Он достал из ниши котелок, плеснул в него тёплой воды из фляги, что грел за пазухой, отломил половину сухаря и подвинул Хабарову — не спрашивая, по тому неписаному закону, по которому на войне делятся последним. Хабаров взял. Тогда, на опушке, ему так же, не глядя, сунули котелок у чужого костра; он ел, не разбирая вкуса, благодарный чужим рукам. Теперь руки были знакомые.
— За Прошку я всё молюсь, — сказал Сошников, глядя в котелок. — И вас помяну, что ленту сладили. Теперь хоть она молодого не подведёт. — Он повёл глазами на спящего Гринько и перекрестился, мелко, привычно, и замолчал.
За бруствером, шагах в трёхстах за проволокой, лежала серая сторона. Германец кинул ещё, ближе; мёрзлый ком земли стукнул в накат и осыпался Гринько за ворот. Тот вскинулся, нашёл Сошникова, обмяк. Смерть тут ходила рядом, неприбранная, будничная, и не пряталась ни от кого.
Ночь легла рано, синяя, звёздная, лютая. Германец постреливал по времени; ракеты вставали над проволокой и гасли. За проволокой, за немецкой стороной, лежали замёрзшие озёра и болота, схваченные льдом до весны; где-то там, под снегом, стоял и прежний максим Сошникова, утопленный осенью на гати. Край был плоский, белый, ровный до самого неба. Расчёт спал по очереди. Гринько свернулся у короба; Сошников дремал сидя, привалясь плечом к «максиму», и рука его во сне лежала на кожухе покойно, как лежит на своём. Раз он проснулся, перекрестился мелко, наскоро, в темноту, привычкой, шепнул что-то — себе или Прошке, не Хабарову, — и уснул опять.
Хабаров спал урывками. Молодое тело брало сон жадно и само просыпалось на близкий разрыв. В промежутках он отмечал: двое у станка, три короба доброй ленты, шаги до проволоки, часы до света. В то лето на опушке он так же лежал у чужого расчёта и ждал утра, ничего ещё не зная ни о машине, ни о людях рядом. Теперь было иначе.
Германец пошёл в серых сумерках, под утро, когда обстрел вдруг сместился в тыл — за спину, по ходам и резервам, чтоб отрезать. Хабаров понял раньше, чем крикнули: огонь ушёл с бруствера, значит, сейчас полезут.
— Идут, — сказал Сошников. Сказал ровно, а руки уже шли впереди слов: сбросил рядно, откинул крышку короба. — Гринько. Ленту.
Хабаров вжался в стенку. Если хоть одно гнездо поведёт, замок возьмёт патрон косо, встанет — и серые пройдут по снегу те тридцать шагов, которых им дать нельзя. Он сам держал эту ленту в руках и знал: она в меру. Всё равно считал до первой задержки.

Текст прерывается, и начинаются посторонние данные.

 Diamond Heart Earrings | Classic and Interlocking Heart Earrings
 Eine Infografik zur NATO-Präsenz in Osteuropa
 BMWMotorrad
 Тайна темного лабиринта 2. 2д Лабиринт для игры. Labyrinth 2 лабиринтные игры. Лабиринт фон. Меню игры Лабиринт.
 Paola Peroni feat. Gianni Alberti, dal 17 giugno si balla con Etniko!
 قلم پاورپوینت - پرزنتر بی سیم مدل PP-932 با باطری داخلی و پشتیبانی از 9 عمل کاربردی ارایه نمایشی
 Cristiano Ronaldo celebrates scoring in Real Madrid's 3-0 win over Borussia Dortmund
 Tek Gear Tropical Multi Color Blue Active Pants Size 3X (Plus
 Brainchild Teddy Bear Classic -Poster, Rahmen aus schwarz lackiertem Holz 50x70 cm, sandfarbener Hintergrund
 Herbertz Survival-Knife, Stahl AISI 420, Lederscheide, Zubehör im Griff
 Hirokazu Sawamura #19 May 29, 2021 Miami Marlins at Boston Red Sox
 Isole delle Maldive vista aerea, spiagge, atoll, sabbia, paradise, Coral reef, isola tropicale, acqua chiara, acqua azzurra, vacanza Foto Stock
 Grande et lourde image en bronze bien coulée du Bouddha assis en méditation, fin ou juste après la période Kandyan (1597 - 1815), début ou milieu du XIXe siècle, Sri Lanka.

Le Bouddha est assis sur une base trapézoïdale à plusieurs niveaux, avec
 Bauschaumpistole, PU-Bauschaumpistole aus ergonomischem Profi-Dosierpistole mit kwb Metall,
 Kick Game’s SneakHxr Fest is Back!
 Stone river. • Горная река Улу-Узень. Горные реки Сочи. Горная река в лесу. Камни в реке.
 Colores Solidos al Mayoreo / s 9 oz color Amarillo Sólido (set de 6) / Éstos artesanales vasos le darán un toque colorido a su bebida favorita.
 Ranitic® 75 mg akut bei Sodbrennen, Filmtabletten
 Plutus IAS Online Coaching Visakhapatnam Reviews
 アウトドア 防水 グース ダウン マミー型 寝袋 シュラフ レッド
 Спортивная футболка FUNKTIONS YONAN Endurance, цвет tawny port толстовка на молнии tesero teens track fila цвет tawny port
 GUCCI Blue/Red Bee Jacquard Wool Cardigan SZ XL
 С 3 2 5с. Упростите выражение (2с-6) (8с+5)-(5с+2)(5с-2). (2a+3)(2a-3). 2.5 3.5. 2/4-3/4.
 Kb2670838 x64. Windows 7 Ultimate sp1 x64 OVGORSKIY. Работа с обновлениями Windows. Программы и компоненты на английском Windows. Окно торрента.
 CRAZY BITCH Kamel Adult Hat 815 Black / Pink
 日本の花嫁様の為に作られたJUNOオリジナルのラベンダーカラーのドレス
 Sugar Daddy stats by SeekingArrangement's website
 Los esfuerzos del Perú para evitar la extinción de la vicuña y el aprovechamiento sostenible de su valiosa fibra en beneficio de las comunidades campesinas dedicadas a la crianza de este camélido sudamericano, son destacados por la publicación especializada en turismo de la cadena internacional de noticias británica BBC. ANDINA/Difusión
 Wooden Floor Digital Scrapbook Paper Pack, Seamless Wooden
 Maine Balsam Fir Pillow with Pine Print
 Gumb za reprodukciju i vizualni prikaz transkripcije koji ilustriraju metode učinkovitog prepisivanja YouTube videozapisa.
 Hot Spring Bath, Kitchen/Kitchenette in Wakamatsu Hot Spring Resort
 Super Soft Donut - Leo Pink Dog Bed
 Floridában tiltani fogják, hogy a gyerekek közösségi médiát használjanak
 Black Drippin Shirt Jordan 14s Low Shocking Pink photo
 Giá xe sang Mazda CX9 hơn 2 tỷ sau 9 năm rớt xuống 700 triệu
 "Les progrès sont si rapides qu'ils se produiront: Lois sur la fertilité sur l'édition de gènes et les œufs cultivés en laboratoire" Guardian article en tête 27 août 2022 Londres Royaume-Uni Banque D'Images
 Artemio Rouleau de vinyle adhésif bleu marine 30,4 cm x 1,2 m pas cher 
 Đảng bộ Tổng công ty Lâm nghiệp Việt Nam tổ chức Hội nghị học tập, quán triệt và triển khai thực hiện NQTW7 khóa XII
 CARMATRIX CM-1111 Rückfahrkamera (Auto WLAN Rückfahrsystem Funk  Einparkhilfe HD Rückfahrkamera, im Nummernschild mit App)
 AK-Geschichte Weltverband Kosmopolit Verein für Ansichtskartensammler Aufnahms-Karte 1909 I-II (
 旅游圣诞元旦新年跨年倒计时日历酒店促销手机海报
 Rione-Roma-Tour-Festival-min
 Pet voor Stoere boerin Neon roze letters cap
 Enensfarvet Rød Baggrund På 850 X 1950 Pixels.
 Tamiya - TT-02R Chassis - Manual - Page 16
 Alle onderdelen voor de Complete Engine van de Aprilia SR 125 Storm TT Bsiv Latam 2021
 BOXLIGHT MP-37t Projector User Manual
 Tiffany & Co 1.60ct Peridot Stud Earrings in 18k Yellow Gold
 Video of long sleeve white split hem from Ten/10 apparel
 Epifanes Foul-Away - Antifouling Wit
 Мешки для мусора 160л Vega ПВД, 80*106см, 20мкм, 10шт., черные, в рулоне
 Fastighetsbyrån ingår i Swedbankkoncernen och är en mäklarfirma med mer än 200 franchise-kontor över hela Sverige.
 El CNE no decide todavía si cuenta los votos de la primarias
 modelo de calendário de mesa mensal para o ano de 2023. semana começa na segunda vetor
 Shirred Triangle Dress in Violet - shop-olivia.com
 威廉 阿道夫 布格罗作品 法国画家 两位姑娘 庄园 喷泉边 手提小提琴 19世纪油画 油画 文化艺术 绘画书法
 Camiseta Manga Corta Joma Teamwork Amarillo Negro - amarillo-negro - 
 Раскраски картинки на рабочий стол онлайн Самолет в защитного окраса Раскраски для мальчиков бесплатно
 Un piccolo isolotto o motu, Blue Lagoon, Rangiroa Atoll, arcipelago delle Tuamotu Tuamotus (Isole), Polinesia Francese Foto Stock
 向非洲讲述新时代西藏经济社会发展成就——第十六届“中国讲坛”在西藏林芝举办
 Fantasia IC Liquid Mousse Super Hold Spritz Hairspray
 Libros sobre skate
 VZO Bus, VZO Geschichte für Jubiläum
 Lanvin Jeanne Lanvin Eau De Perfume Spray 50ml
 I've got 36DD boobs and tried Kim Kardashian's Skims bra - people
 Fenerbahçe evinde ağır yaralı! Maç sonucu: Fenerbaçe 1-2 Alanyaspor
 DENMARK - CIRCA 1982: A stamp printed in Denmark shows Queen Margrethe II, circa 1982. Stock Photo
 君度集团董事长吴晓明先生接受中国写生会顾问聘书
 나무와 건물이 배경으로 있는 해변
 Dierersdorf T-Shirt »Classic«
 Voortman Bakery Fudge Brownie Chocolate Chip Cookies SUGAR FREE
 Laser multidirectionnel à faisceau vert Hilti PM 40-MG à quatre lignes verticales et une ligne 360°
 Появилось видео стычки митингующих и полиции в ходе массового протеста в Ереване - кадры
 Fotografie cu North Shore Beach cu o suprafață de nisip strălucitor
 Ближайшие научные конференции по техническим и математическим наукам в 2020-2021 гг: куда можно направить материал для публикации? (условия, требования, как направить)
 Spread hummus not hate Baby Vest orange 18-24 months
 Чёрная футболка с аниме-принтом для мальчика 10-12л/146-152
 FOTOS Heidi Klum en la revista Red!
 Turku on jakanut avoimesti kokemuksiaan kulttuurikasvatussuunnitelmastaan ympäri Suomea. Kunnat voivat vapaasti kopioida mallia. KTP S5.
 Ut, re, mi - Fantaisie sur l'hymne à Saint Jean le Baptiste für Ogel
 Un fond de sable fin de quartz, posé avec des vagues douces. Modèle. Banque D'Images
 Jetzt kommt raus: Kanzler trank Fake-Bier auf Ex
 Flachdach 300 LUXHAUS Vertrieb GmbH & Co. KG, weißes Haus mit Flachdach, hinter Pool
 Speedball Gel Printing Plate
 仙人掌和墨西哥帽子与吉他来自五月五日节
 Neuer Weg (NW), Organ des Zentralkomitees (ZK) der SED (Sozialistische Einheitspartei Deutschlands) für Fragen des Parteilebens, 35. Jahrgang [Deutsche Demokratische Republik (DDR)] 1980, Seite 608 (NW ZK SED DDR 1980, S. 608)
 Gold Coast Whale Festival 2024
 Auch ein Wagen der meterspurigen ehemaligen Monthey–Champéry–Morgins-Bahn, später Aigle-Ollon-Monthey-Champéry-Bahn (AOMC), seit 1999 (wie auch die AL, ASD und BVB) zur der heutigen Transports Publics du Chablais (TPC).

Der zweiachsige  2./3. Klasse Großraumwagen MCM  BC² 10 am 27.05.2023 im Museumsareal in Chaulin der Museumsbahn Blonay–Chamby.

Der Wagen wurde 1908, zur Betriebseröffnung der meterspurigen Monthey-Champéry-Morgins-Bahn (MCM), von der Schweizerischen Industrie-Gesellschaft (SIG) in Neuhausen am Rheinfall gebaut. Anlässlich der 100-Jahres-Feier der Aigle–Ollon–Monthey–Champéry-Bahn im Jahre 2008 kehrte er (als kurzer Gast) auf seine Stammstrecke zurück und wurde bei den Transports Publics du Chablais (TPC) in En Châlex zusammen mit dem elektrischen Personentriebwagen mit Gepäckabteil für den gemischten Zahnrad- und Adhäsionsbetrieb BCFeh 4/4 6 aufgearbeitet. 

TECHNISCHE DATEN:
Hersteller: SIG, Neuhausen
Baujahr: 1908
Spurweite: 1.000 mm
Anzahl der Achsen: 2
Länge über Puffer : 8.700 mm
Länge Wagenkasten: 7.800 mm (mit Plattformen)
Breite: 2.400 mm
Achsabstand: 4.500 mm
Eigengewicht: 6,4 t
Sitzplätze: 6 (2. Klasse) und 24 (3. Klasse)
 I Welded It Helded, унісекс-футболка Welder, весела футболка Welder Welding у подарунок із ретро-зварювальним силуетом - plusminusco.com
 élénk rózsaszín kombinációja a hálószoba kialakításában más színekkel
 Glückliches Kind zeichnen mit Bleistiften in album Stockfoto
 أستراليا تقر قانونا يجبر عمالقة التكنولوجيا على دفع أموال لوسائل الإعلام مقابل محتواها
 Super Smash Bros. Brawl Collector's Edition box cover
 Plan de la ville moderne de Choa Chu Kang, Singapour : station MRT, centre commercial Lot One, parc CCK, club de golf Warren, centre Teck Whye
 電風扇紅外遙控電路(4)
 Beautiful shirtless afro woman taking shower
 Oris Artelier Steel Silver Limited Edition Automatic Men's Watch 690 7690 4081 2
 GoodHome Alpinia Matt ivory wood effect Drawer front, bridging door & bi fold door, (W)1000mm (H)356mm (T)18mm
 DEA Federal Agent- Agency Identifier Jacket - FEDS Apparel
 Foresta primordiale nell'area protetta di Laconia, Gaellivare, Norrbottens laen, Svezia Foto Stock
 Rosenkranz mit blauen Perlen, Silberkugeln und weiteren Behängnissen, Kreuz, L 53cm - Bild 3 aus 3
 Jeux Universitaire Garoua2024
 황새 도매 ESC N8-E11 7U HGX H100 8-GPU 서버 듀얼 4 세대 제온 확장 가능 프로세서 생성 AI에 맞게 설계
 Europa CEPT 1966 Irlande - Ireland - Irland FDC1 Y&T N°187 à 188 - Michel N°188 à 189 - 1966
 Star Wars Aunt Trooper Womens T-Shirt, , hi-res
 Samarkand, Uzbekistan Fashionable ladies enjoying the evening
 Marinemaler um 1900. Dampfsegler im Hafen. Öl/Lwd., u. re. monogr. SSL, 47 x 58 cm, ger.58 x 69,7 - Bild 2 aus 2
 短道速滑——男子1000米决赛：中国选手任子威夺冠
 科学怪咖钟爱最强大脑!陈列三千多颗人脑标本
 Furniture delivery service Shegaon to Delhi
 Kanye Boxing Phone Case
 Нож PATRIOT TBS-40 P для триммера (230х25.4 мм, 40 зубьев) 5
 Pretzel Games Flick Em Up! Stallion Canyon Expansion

Первой хлестнула соседняя, с фланга, по проволоке; потом ударил Сошников. «Максим» пошёл короткими, по три-четыре, и Хабаров, вжатый в мёрзлую стенку рядом, смотрел не в поле. Он смотрел в приёмник.
Лента шла справа, из короба, гнездо за гнездом. Гринько поддерживал её обеими руками, не давая цепляться за край, и подавал без рывка. Замок брал патрон, досылал, выкидывал гильзу, брал следующий. Хабаров дошёл про себя до ста. На сотом гнезде, о котором писал Сошников, он поймал себя на том, что задержал дыхание. Патрон вышел прямо, замок взял его без перекоса. «Максим» не захлебнулся и продолжал бить.
Серые поднялись из лощины разом, побежали через снег пригнувшись, и снег гасил их шаг. Сошников повёл ствол влево, прижал дольше. Очередь легла им под ноги, подсекла; двое ткнулись, третий сунулся назад, за складку. Гринько поддерживал ленту у короба, перехватывая её ближе к приёмнику, когда полоса начинала цеплять мёрзлый край. «Максим» бил ровно, кожух исходил паром на морозе. Позиция держалась на два ствола, что не смолкали.